EXERCISE AIM:
When you return the material, keep every line exactly as it is and omit the pictures.

INFORMATION SUPPLIED:

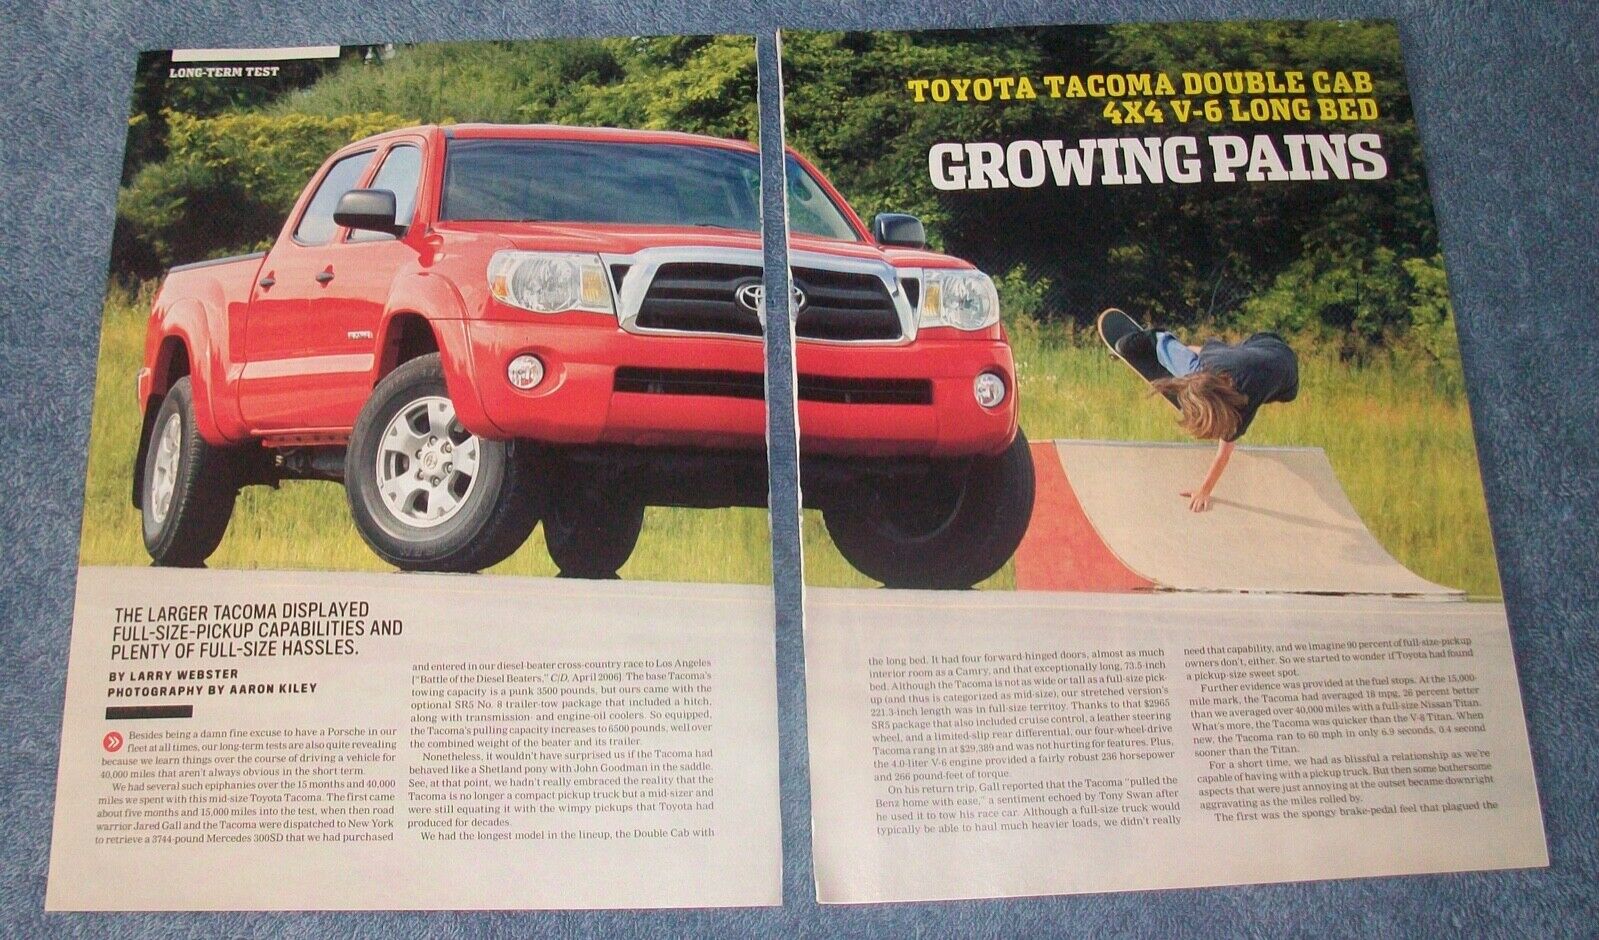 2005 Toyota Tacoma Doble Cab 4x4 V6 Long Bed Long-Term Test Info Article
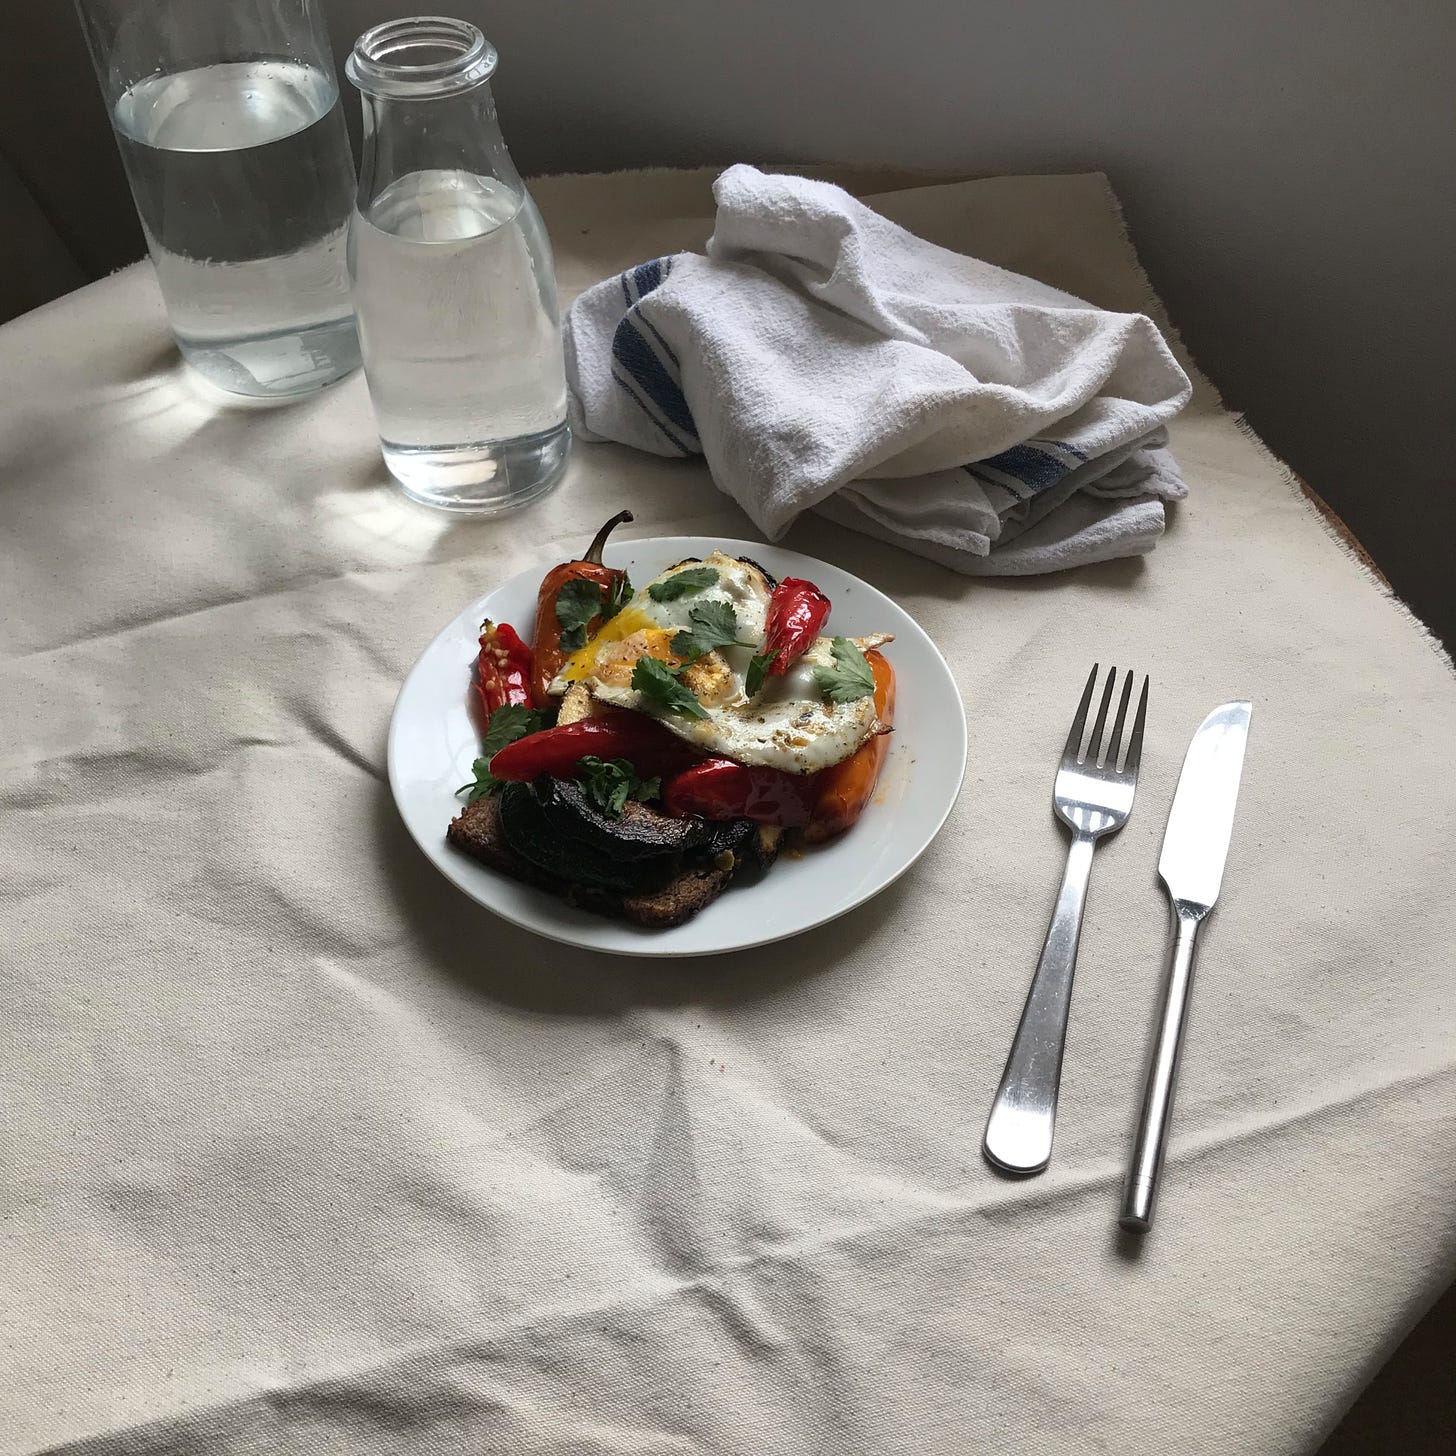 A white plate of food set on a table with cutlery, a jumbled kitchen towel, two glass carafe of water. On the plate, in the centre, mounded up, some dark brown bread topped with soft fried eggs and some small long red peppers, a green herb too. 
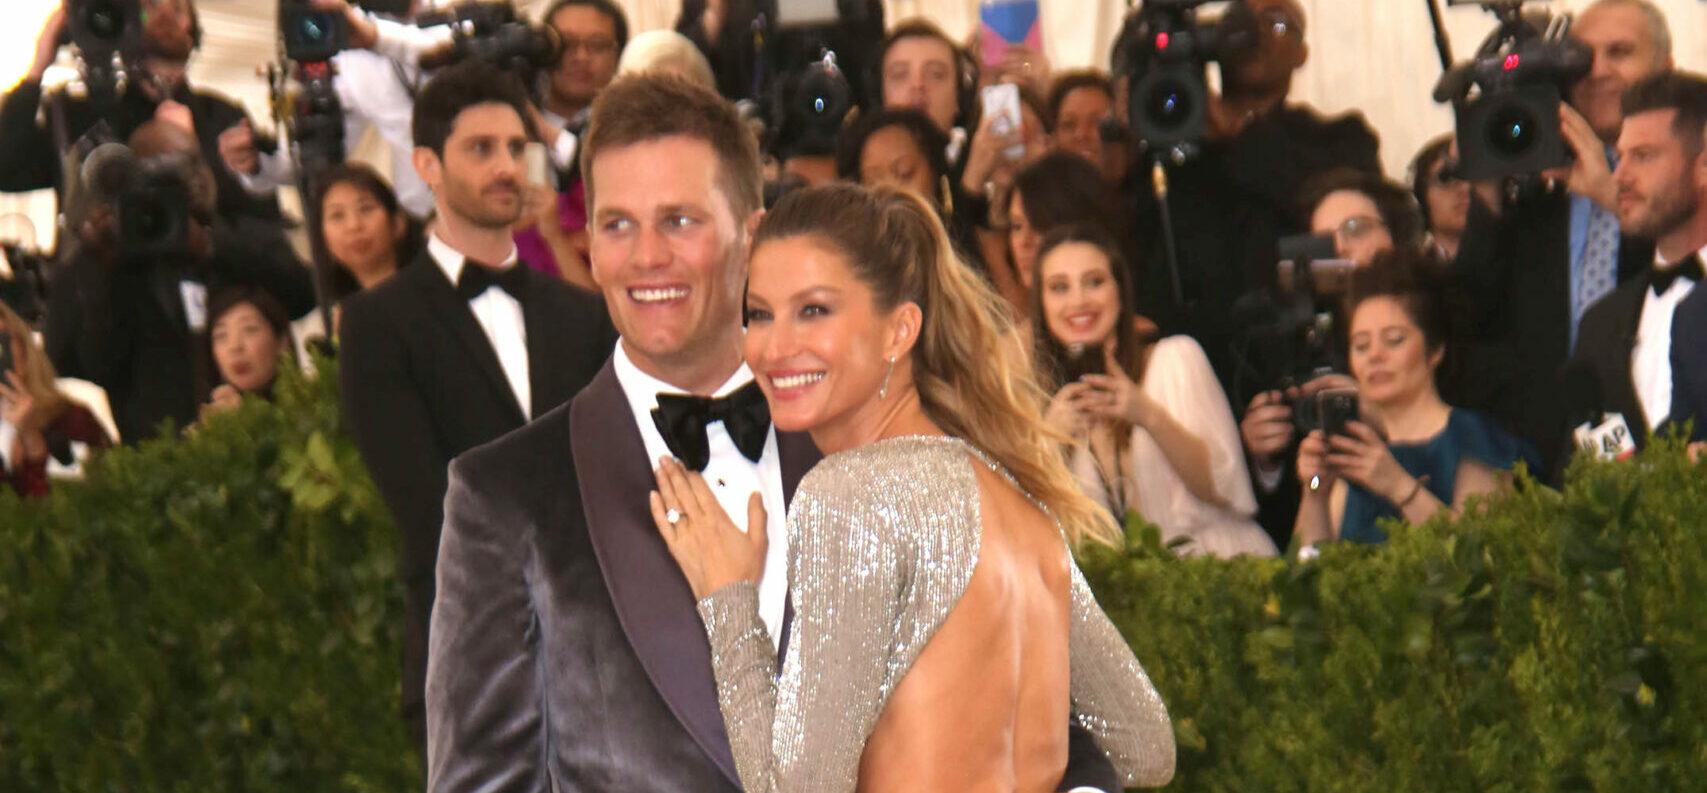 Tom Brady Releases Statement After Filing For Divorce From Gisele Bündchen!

SOLUTION TO THIS PROBLEM:
 2005 Toyota Tacoma Doble Cab 4x4 V6 Long Bed Long-Term Test Info Article
 A white plate of food set on a table with cutlery, a jumbled kitchen towel, two glass carafe of water. On the plate, in the centre, mounded up, some dark brown bread topped with soft fried eggs and some small long red peppers, a green herb too. 
 Tom Brady Releases Statement After Filing For Divorce From Gisele Bündchen!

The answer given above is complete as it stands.